Seeking Simple quick solution:

an org. currently has several excel spreadsheets (one per department) with contact names and address.

This has to be imported into three related databases & de-duped

contact name

address (related to name)

department category (related to name)

how to approach this task - these excel lists are about 1000 people long and there are 8 of them.

should i import them into a de-duping database with tick boxes & get a script to place data in different databases and delete the dupes, or is it quicker just to do it all manually in excel?

or even better is there a fm tool to do this?

thanks

BobWeaver · November 27, 2003

I would import them all into one Filemaker database and then do a search for duplicates.

If you have separate fields for first and last name, you can create a calculated Full name field using the formula:

FirstName & " " & LastName

Then you can do a duplicate search on this field. You can also do a duplicate search on the phone number field. But, you can only do a dup search on one field at a time. So you have to pick one. Enter find mode and put an exclamation mark in the field you want to search. Then click find. Once you get your found set of duplicate records, sort by the field you did the dup search on, in order to group the duplicates together. Then go through the list and delete (or mark for later deletion) the records you don't want.

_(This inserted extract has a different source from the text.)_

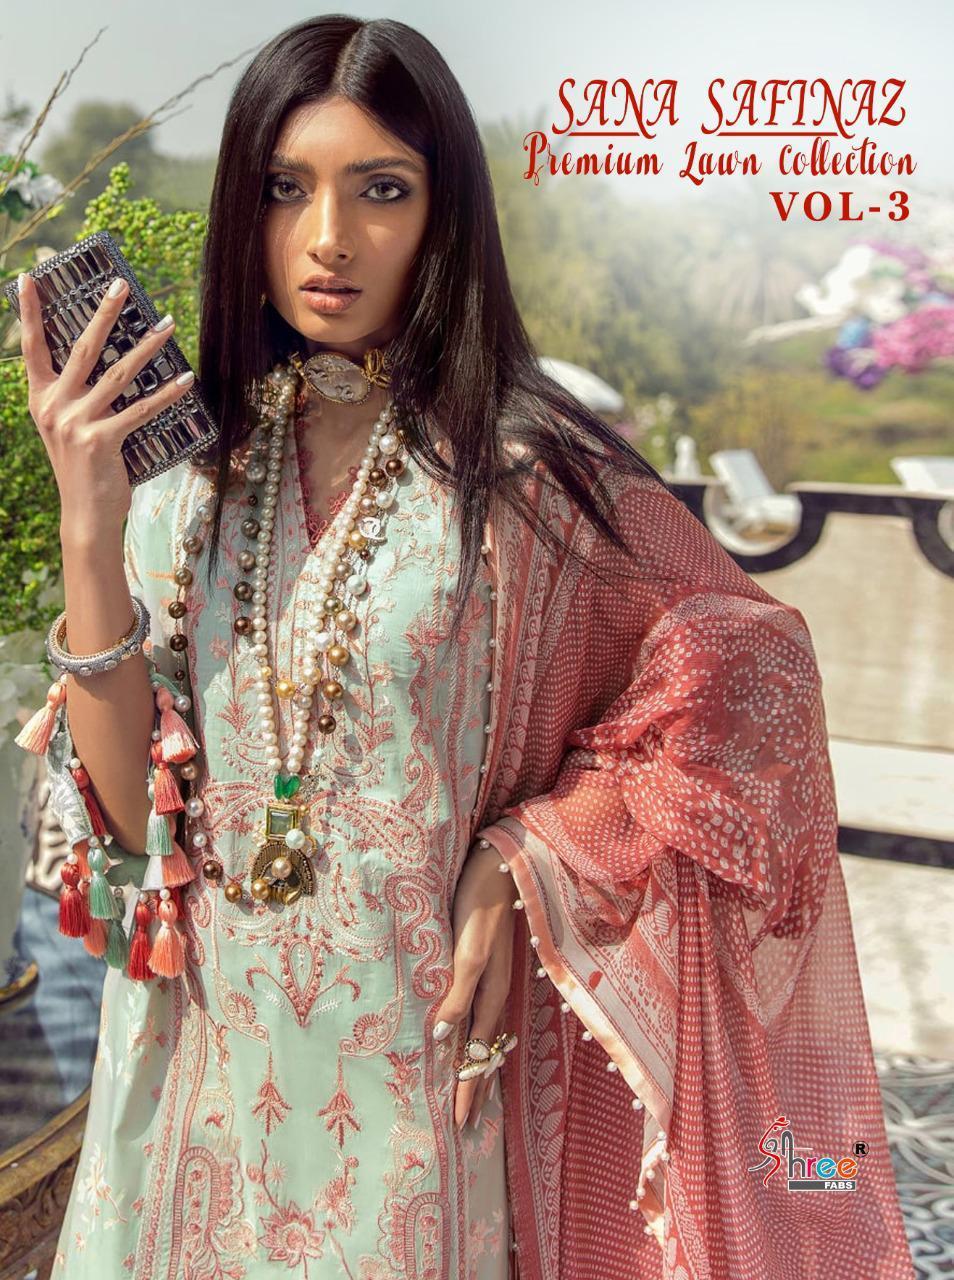 Shree Fabs Sana Safinaz Premium Lawn Collection Vol 3 Salwar Suit Wholesale Catalog 8 Pcs 1 - Shree Fabs Sana Safinaz Premium Lawn Collection Vol 3 Salwar Suit Wholesale Catalog 8 Pcs

Note, the duplicate search finds the original and all duplicates. So don't just delete all the records that come up in the found set.

Fenton · November 27, 2003

I'd de-dupe them in FileMaker. There is no "tool" to do this, for one thing because one man's dupes are another man's data. But you can easily build your own.

The first thing to do is to get the Dept. Category in there. It could be done with either a Fill Down in Excel, before Import, or a Replace afterwards; whichever you're more comfortable with. Replace is Undoable. It would be done right after each Import; just type the Dept. name into the first record's field, then choose Replace Contents. The default will say Replace with "the name you typed," and you say "Replace" ("Cancel" is the default button).

Now, for dupes, my big question is, "Do you have more than 1 address per Contact, or more than 1 Contact at an address (lots of them)?" If no, then why the separate file for Addresses? If yes, then a unique record consists of the name AND the address. I'm going to assume the latter.

There's more than 1 way to de-dupe. But I'm going with a self-relationship method. It can also be used later to prevent duplicate entry.

You need to "concatenate" (put together) the Name and Address, in a calc field, result Text, _cNameAddress = Name & " " & Address.

Now create a self-relationship on that, "self_NameAddress," same field on both sides.

You also need a real Serial ID field (text or number), auto-enter serial number, start 1, increment 1. Actually you should create this before importing anything, so it would populate. Otherwise do a Replace after all imports are done, using the same options above, with the "Update" option checked.

De-Dupe Script (saves 1st entry):

Freeze Window

View As [View as Form]

Enter Find Mode []

Set Field [

Name_Address.zip

rafs ome · December 2, 2003

like the neat script, thanks for the input

Now you have got me thinking - I assumed that a contact might have several address but not that a address would have several contacts - then i thought how the hell does one not duplicate either with two related database -then i thought how about a third database to link the id's of contact ID & address ID - with related calculation fields in this third database to pull data onto portals in either the contact of address layouts (i.e. so a contact can have a portal with a list of their address by relating to this third database that has calc fields relating to the original data record) - BINGO no redundant data. (if any one has any pointers on setting such a 3-way database up -beginning with what it is called so I can name my fields appropriately?)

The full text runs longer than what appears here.